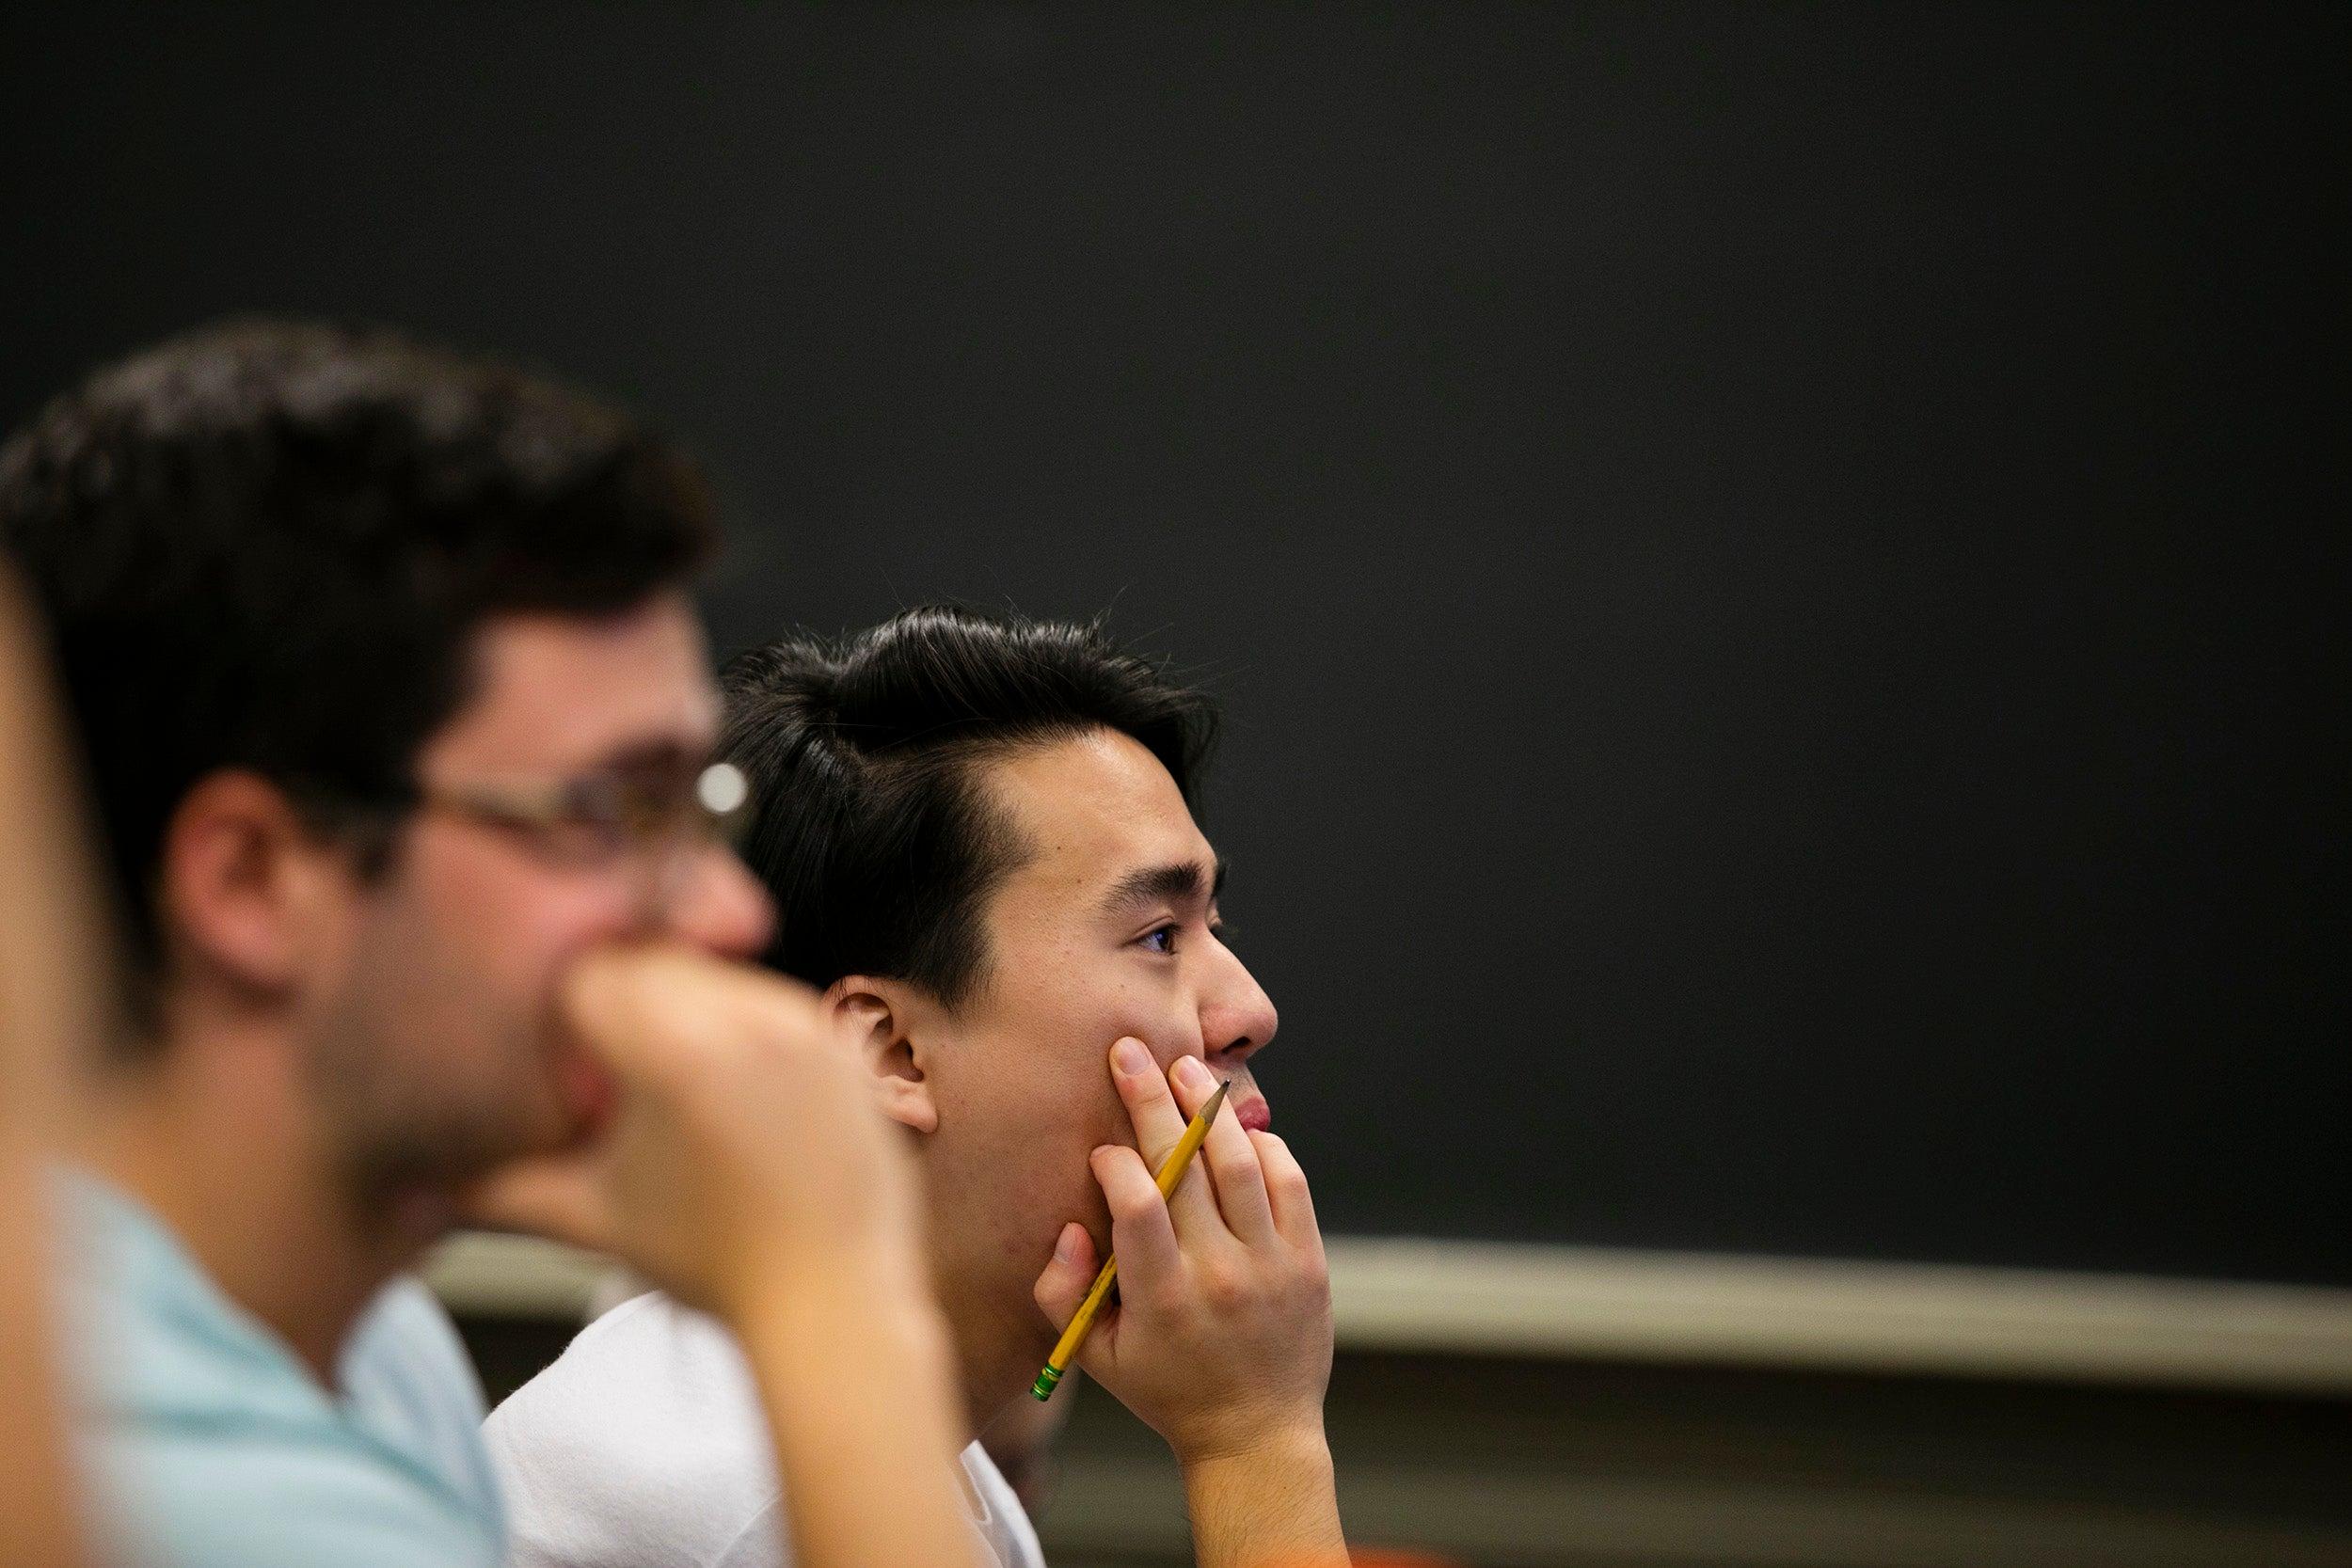 Students listen during class.
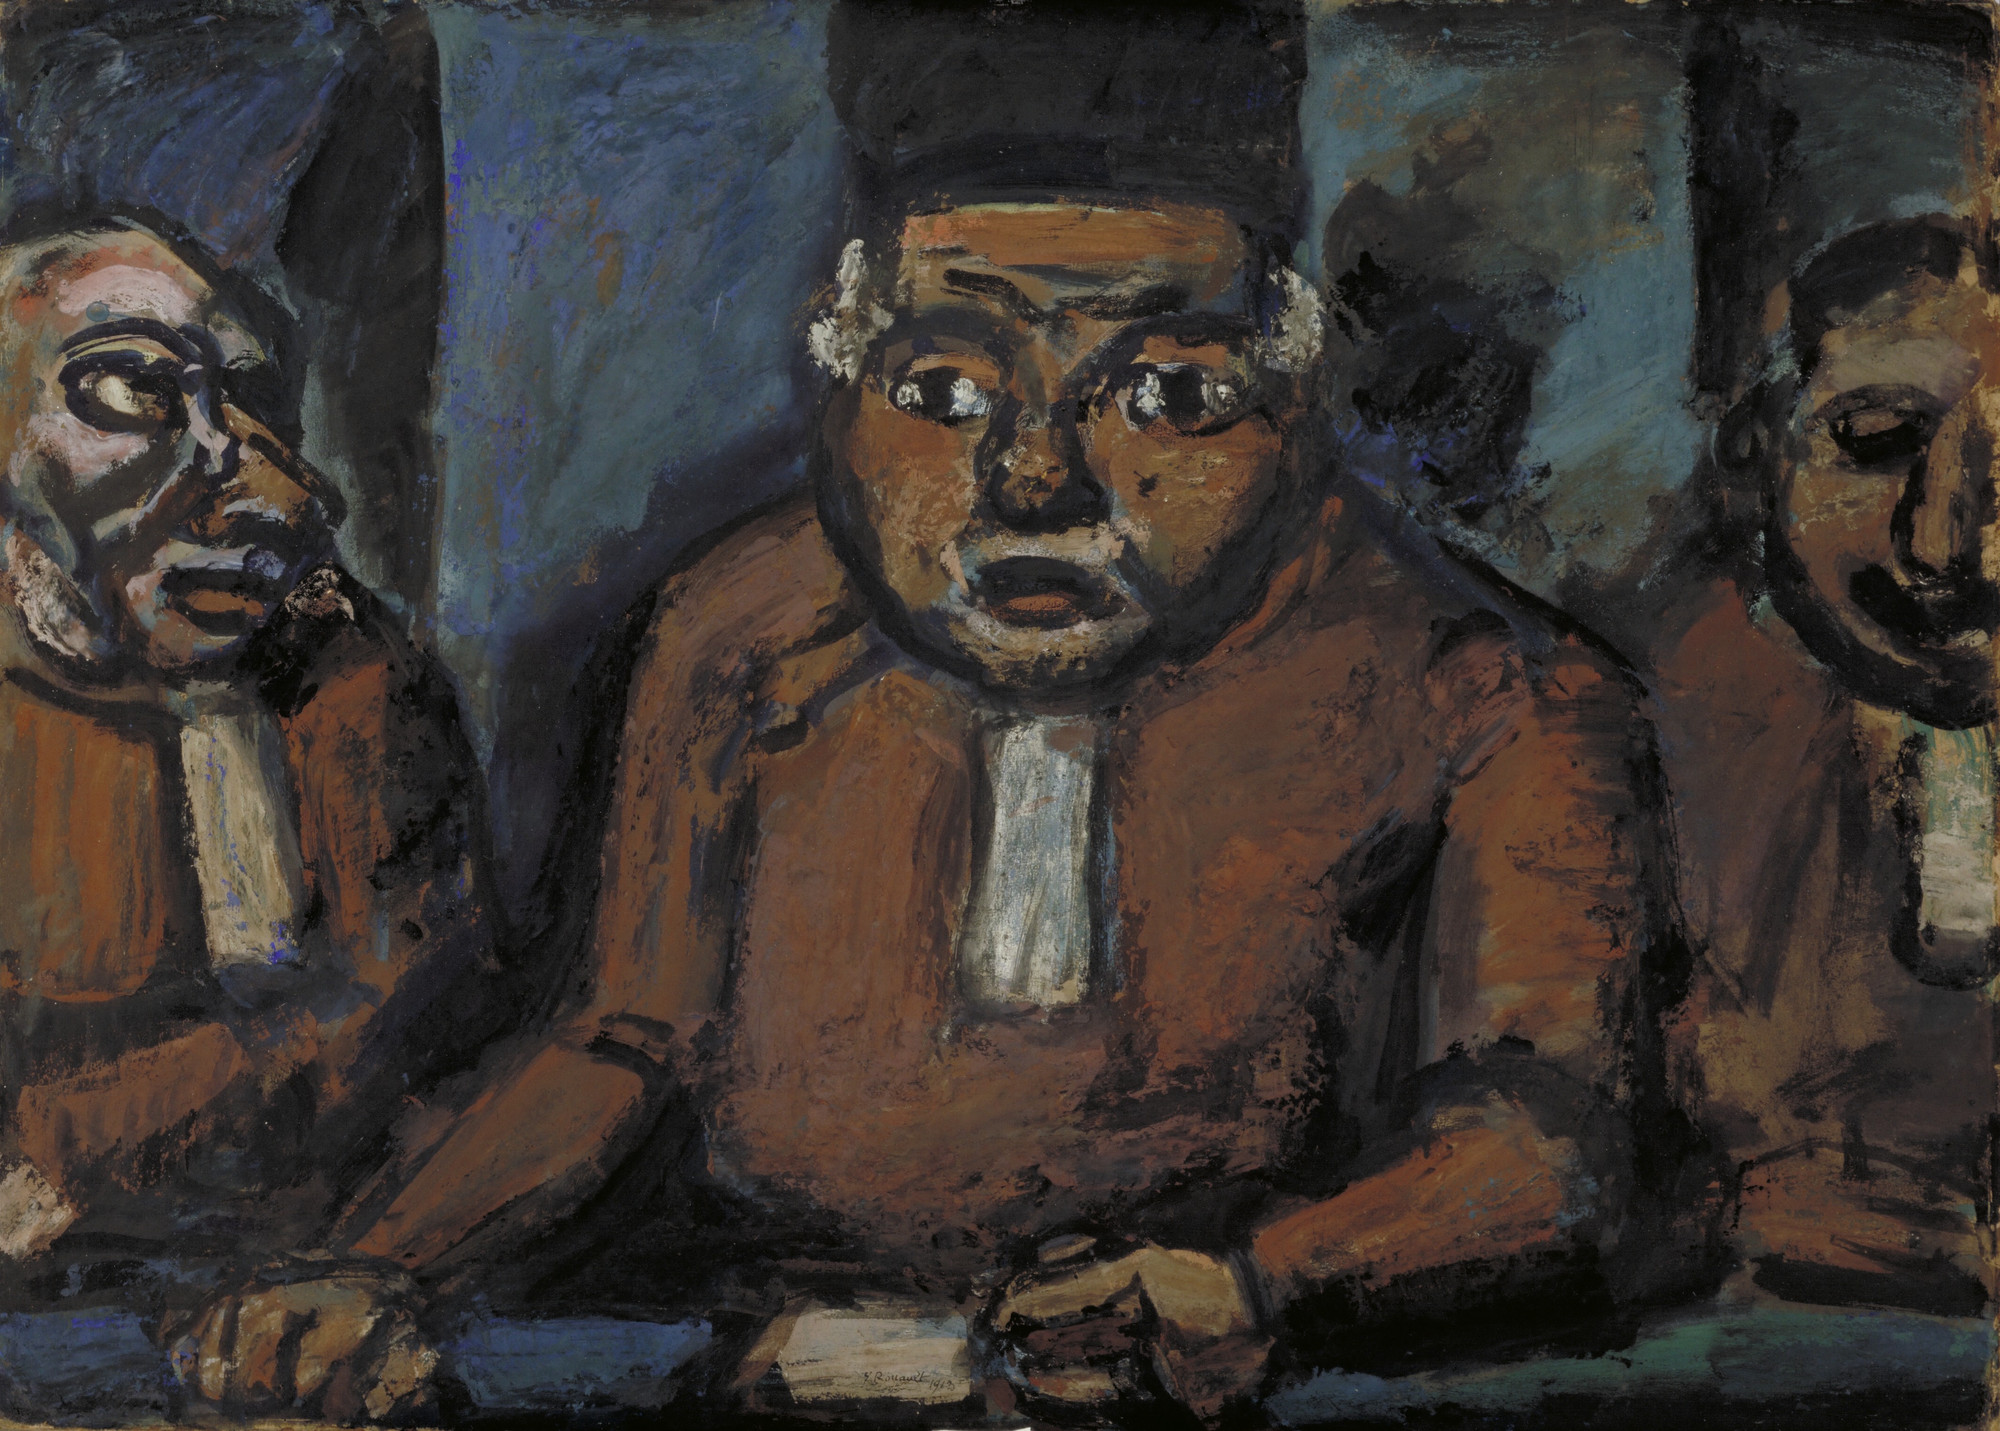 Georges Rouault  The Three Judges  1913 | MoMA
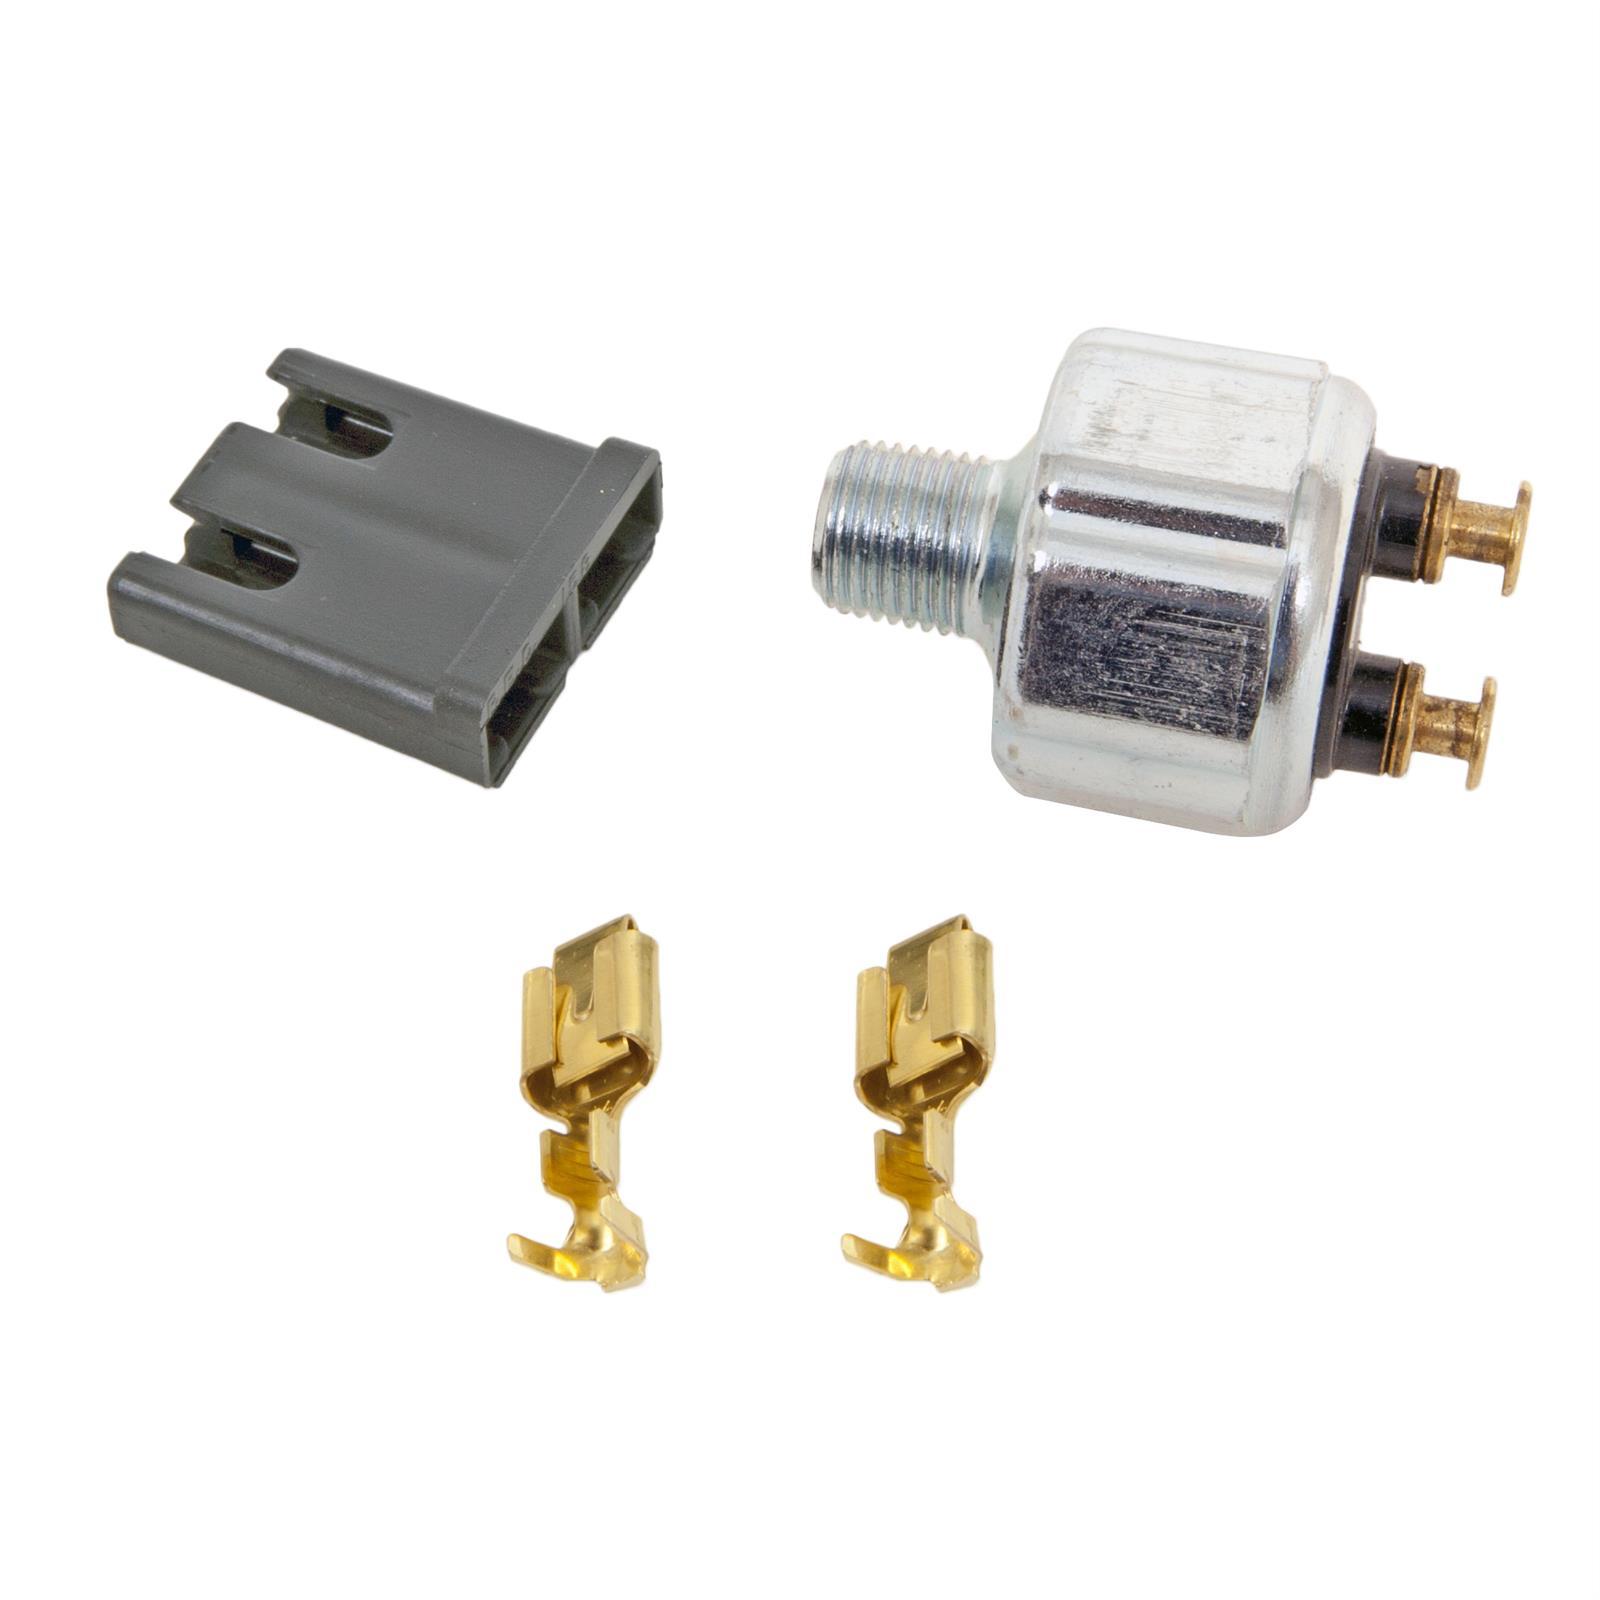 Hydraulic Pressure Safety : Ron francis sw hydraulic brake switch low pressure each

Your instructions:
Give back the whole listing exactly, without pictures.

Answer section:
 Students listen during class.
 Georges Rouault  The Three Judges  1913 | MoMA
 Hydraulic Pressure Safety : Ron francis sw hydraulic brake switch low pressure each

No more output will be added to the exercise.